やがて二人は顔を合わせた。満月に照らされる彼女の姿はこの世の何よりも美しかった。極楽浄土はここにあったのだ。彼はすべてを理解した。
そう、これが……。
(^ω^ )_ ガバッ
/⌒とノ)ミヽ
ノ ノ \ /
/ )/
( //
く二二二二二ノ
朝が来た。
(;ω; )_ ブワッ
/⌒とノ) ヽ
ノ ノ \ /
/ )/
( //
く二二二二二ノ
その記憶が何であるかを悟り、彼は泣いた。
( ^ω^)「……」
また、日常へ戻っていく。
__コンビニ
( ^ω^)「今朝は愛が埋まりそうないいものを見れたけど、その分なんだか虚しいお……」
( ^ω^)「またどうせ振り出しに戻るんだお、埋まらないままの賽の目はきりがないお……」ブツブツ
???「すいませーん!!」
( ^ω^)「ラッシャセー」
ξ゚⊿゚)ξ「すいませんこれとこれと…これでお願いします!」バタバタ
(((;^ω^))))(!?!?!?!?!?)「ろっ680円でーす」
ξ゚⊿゚)ξ「えーっとペ〇ペイで!レシートいらないです!ありがとうございました!」ペ〇ペ〇! ドタタタ
(:^ω^)「あ、ありがとうございましたー……!」
(;^ω^)(危なかったお…ビックリしすぎて悪い人たちの格好の餌食になるところだったお……心臓が柵越えて落ちるところだったお……)

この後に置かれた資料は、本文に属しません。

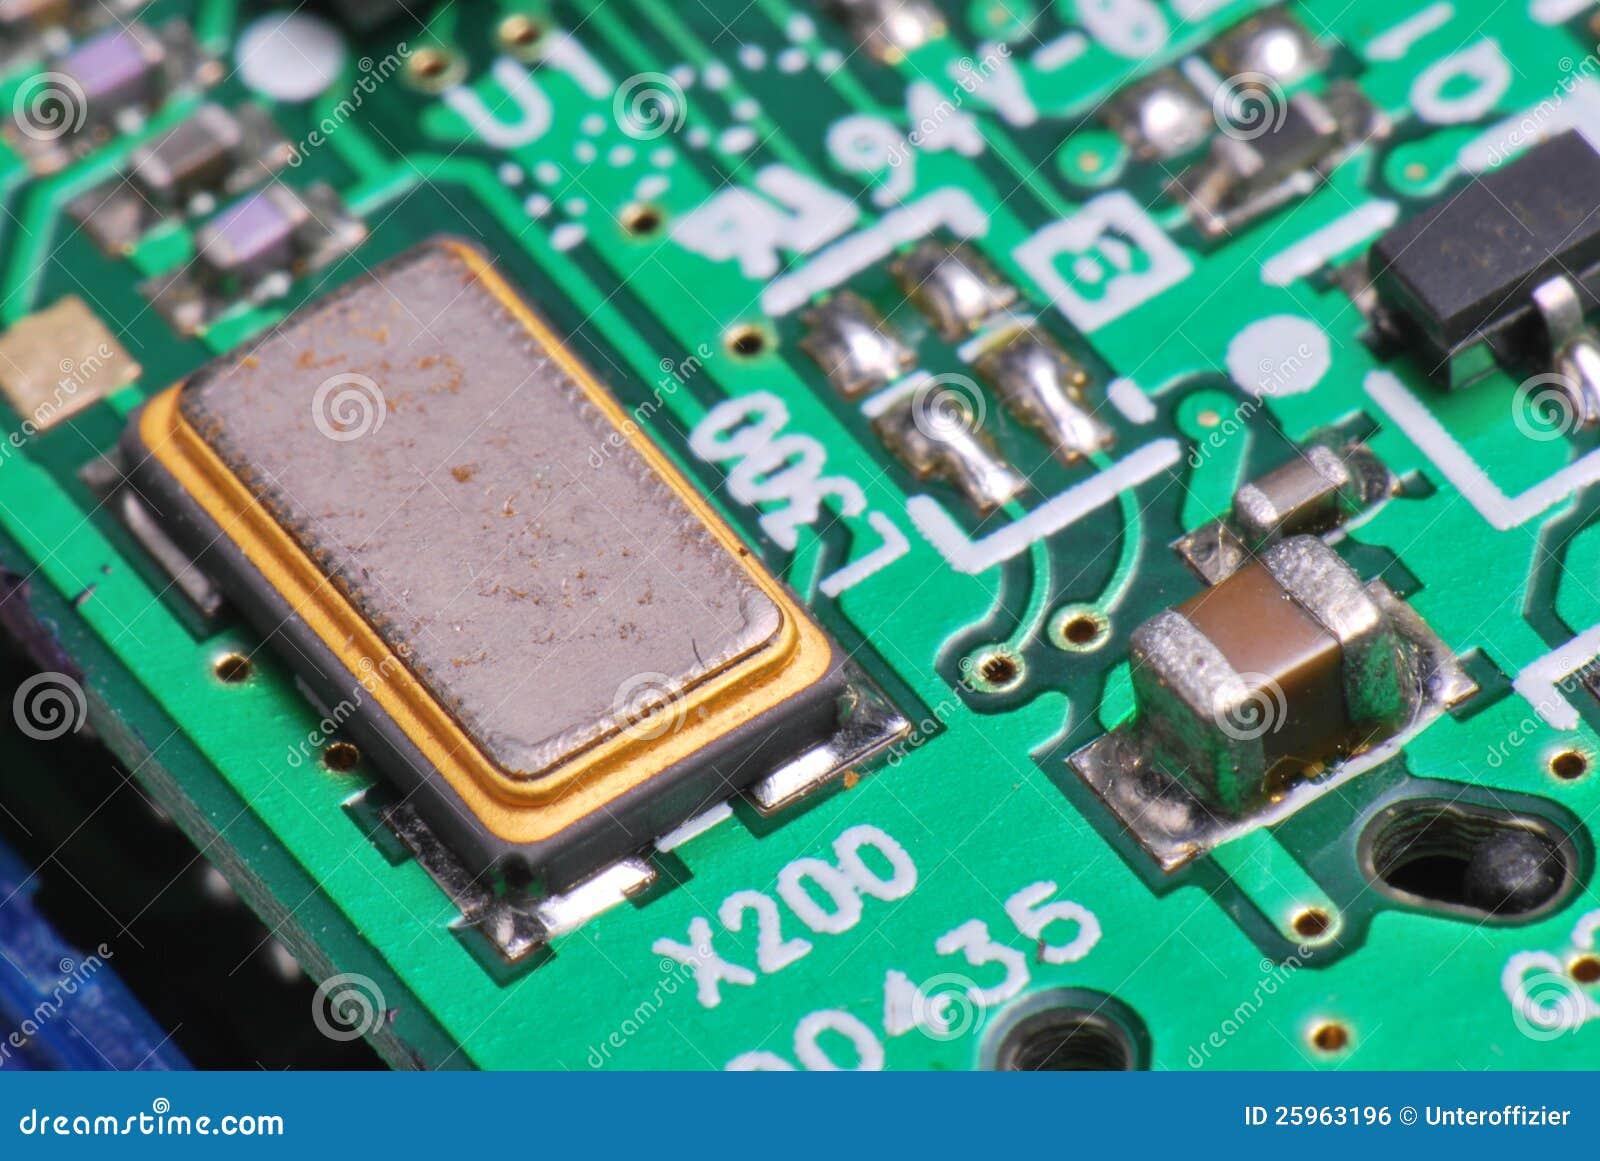 Printed Circuit Board stock photo  Image of electronics - 25963196

( ^ω^)(でもこんなところで出くわすなんて……バイトやめなくてよかったお……!)
( ^ω^)「……ん?」
[免許証 氏名 ツン]
( ^ω^)「!!!」
( ^ω^)「……取りに来るまで毎日シフト入れるんだお」
ここまでで話は終わり。
続きはこれから。
~完~
※この記事は個人的に執筆されたものであり、バンドの総意を表すものではありません。